Work instructions → Below are records with pictures; copy word for word only the lines between the line with "Auto Magic Power Cut Plus thumbnail" and the line with "Brown bear (Ursus", inclusive, and drop the pictures.

Dataset entries →
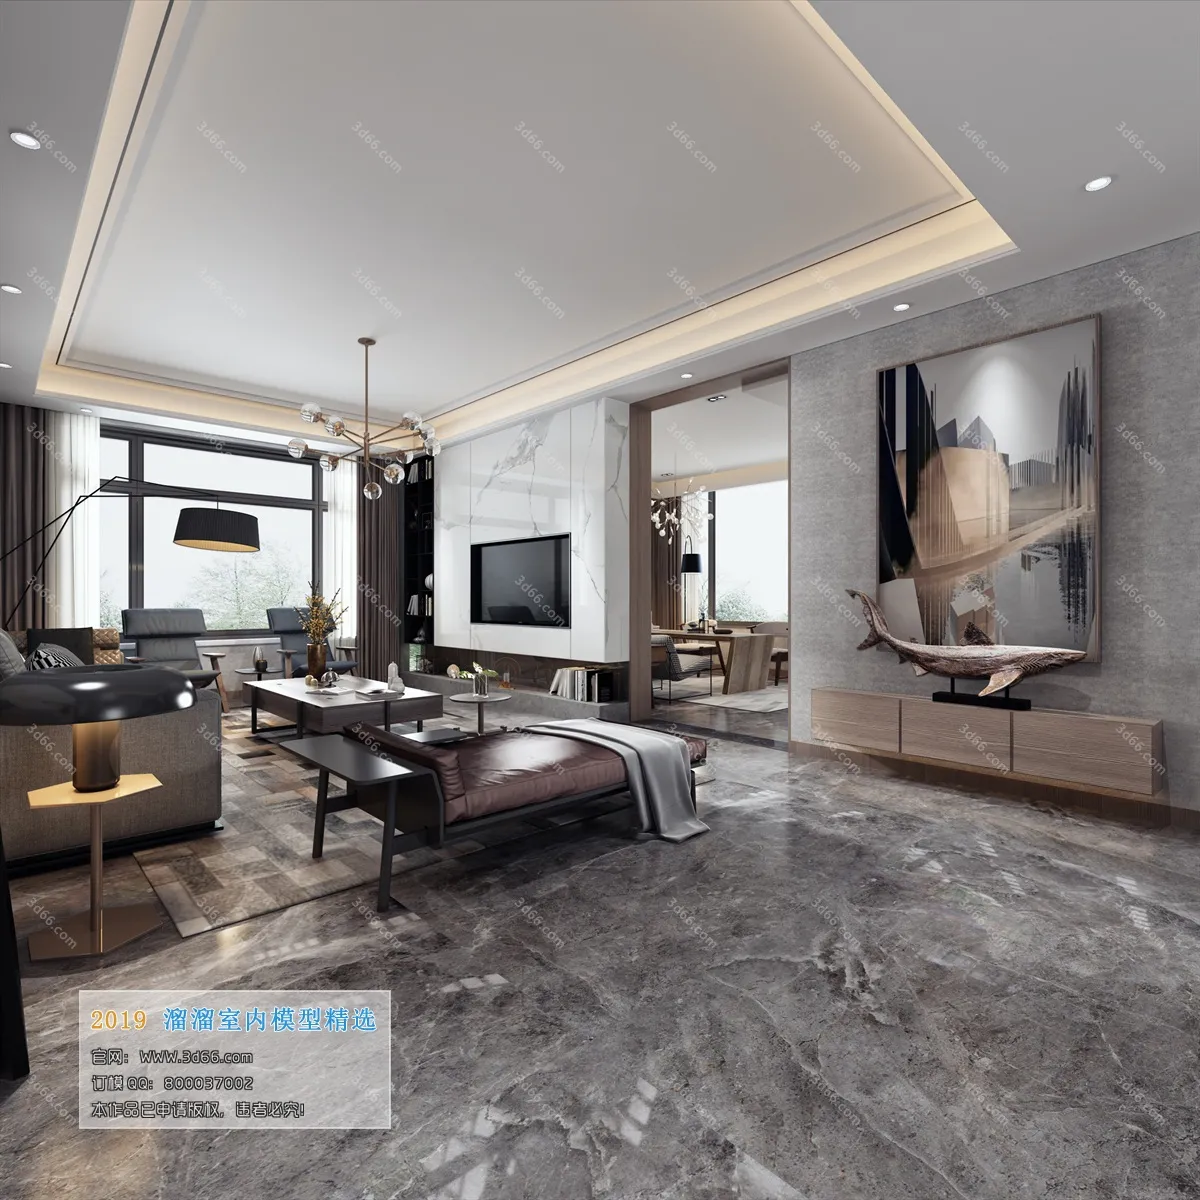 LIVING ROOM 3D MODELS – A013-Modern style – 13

...

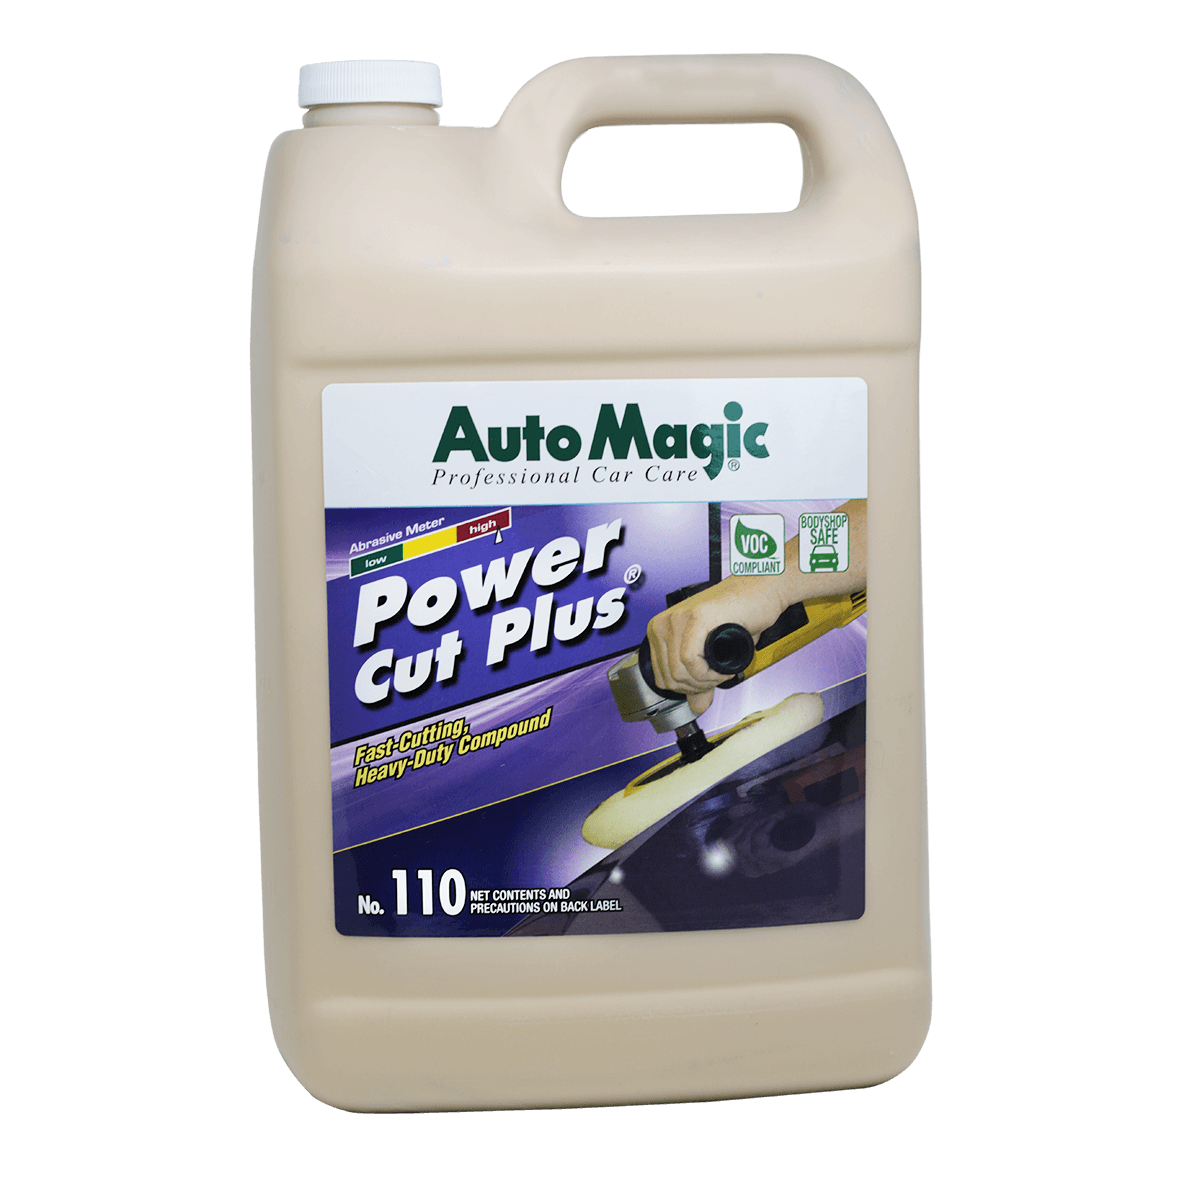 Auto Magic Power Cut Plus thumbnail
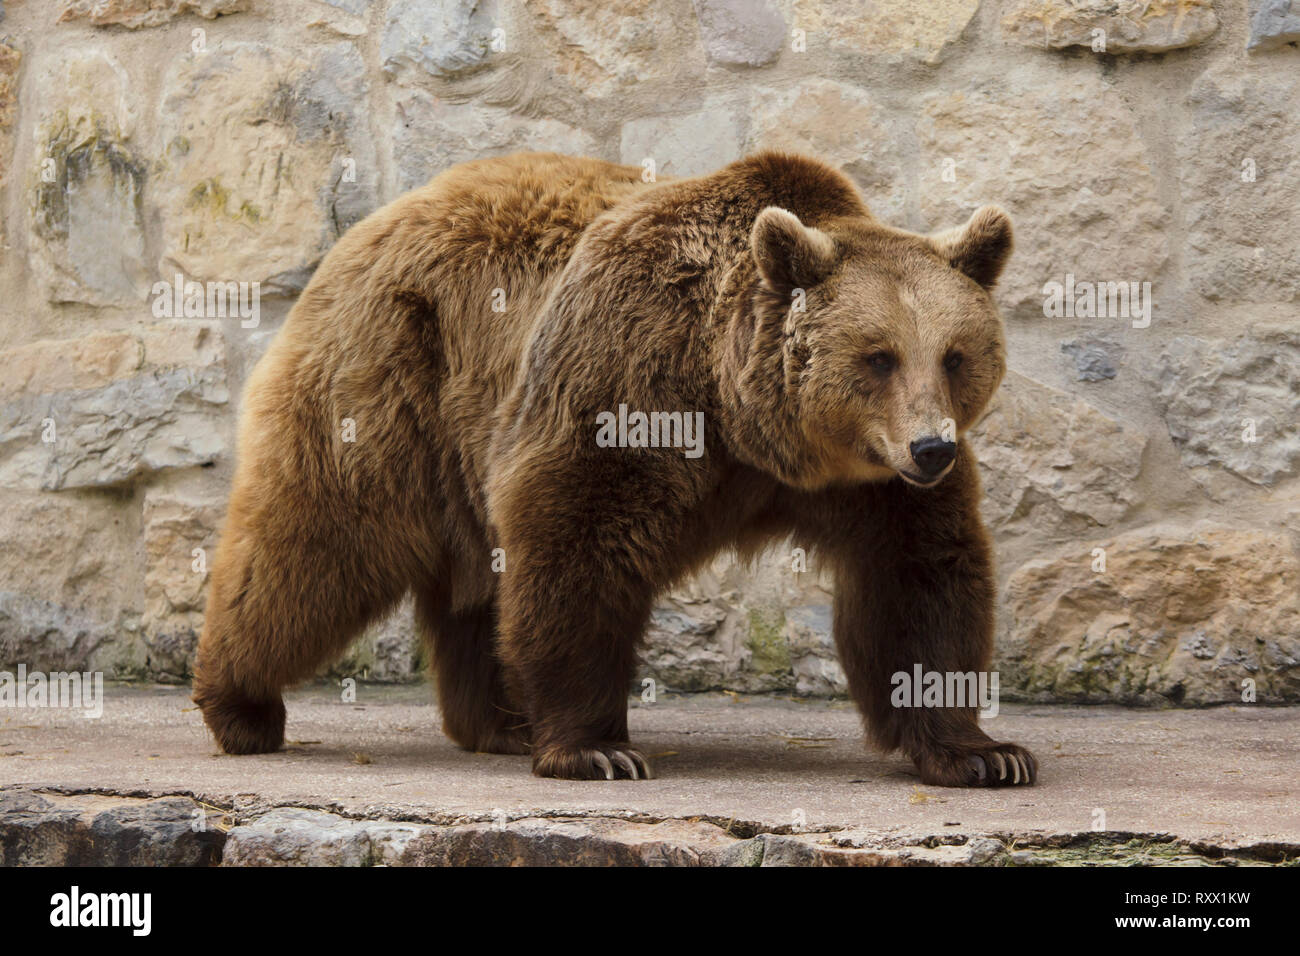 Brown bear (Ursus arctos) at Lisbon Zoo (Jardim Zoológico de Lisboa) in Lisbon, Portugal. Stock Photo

Response to this task →
 Auto Magic Power Cut Plus thumbnail
 Brown bear (Ursus arctos) at Lisbon Zoo (Jardim Zoológico de Lisboa) in Lisbon, Portugal. Stock Photo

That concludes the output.